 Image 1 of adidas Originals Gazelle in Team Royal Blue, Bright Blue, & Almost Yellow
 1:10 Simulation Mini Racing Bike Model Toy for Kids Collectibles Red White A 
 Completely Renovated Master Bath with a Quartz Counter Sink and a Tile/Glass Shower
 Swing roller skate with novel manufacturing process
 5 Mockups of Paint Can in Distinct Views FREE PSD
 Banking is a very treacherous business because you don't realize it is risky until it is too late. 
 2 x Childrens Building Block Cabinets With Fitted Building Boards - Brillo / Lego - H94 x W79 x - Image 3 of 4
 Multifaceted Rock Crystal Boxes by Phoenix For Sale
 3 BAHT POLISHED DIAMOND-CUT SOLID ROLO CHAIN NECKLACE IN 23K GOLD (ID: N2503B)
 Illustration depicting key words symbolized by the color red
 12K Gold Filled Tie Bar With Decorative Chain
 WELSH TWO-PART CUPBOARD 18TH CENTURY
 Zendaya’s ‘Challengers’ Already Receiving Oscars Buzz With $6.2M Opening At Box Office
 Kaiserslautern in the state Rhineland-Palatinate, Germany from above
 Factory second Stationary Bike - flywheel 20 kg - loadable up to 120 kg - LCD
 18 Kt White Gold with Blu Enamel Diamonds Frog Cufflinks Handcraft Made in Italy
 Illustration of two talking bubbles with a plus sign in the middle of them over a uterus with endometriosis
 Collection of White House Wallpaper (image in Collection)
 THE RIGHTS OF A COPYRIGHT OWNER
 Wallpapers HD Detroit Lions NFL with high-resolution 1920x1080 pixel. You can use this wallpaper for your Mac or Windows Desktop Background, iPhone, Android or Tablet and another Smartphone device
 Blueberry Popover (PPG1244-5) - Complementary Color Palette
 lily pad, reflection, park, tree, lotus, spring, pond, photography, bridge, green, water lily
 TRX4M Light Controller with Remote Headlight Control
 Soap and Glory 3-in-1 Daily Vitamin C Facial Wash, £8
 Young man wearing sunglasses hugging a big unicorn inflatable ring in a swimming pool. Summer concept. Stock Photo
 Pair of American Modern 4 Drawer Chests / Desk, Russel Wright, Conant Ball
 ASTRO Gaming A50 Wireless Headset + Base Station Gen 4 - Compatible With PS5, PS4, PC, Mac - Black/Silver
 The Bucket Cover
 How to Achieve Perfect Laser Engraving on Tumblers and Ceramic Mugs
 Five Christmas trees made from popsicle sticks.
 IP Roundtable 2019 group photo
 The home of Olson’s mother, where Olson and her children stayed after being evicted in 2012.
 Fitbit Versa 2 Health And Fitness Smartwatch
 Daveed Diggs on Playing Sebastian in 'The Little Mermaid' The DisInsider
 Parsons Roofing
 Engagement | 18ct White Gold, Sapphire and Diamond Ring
------
* WHAT TO DO
Reproduce the material above in full, exactly.

* SOLVED PROBLEM
 Image 1 of adidas Originals Gazelle in Team Royal Blue, Bright Blue, & Almost Yellow
 1:10 Simulation Mini Racing Bike Model Toy for Kids Collectibles Red White A 
 Completely Renovated Master Bath with a Quartz Counter Sink and a Tile/Glass Shower
 Swing roller skate with novel manufacturing process
 5 Mockups of Paint Can in Distinct Views FREE PSD
 Banking is a very treacherous business because you don't realize it is risky until it is too late. 
 2 x Childrens Building Block Cabinets With Fitted Building Boards - Brillo / Lego - H94 x W79 x - Image 3 of 4
 Multifaceted Rock Crystal Boxes by Phoenix For Sale
 3 BAHT POLISHED DIAMOND-CUT SOLID ROLO CHAIN NECKLACE IN 23K GOLD (ID: N2503B)
 Illustration depicting key words symbolized by the color red
 12K Gold Filled Tie Bar With Decorative Chain
 WELSH TWO-PART CUPBOARD 18TH CENTURY
 Zendaya’s ‘Challengers’ Already Receiving Oscars Buzz With $6.2M Opening At Box Office
 Kaiserslautern in the state Rhineland-Palatinate, Germany from above
 Factory second Stationary Bike - flywheel 20 kg - loadable up to 120 kg - LCD
 18 Kt White Gold with Blu Enamel Diamonds Frog Cufflinks Handcraft Made in Italy
 Illustration of two talking bubbles with a plus sign in the middle of them over a uterus with endometriosis
 Collection of White House Wallpaper (image in Collection)
 THE RIGHTS OF A COPYRIGHT OWNER
 Wallpapers HD Detroit Lions NFL with high-resolution 1920x1080 pixel. You can use this wallpaper for your Mac or Windows Desktop Background, iPhone, Android or Tablet and another Smartphone device
 Blueberry Popover (PPG1244-5) - Complementary Color Palette
 lily pad, reflection, park, tree, lotus, spring, pond, photography, bridge, green, water lily
 TRX4M Light Controller with Remote Headlight Control
 Soap and Glory 3-in-1 Daily Vitamin C Facial Wash, £8
 Young man wearing sunglasses hugging a big unicorn inflatable ring in a swimming pool. Summer concept. Stock Photo
 Pair of American Modern 4 Drawer Chests / Desk, Russel Wright, Conant Ball
 ASTRO Gaming A50 Wireless Headset + Base Station Gen 4 - Compatible With PS5, PS4, PC, Mac - Black/Silver
 The Bucket Cover
 How to Achieve Perfect Laser Engraving on Tumblers and Ceramic Mugs
 Five Christmas trees made from popsicle sticks.
 IP Roundtable 2019 group photo
 The home of Olson’s mother, where Olson and her children stayed after being evicted in 2012.
 Fitbit Versa 2 Health And Fitness Smartwatch
 Daveed Diggs on Playing Sebastian in 'The Little Mermaid' The DisInsider
 Parsons Roofing
 Engagement | 18ct White Gold, Sapphire and Diamond Ring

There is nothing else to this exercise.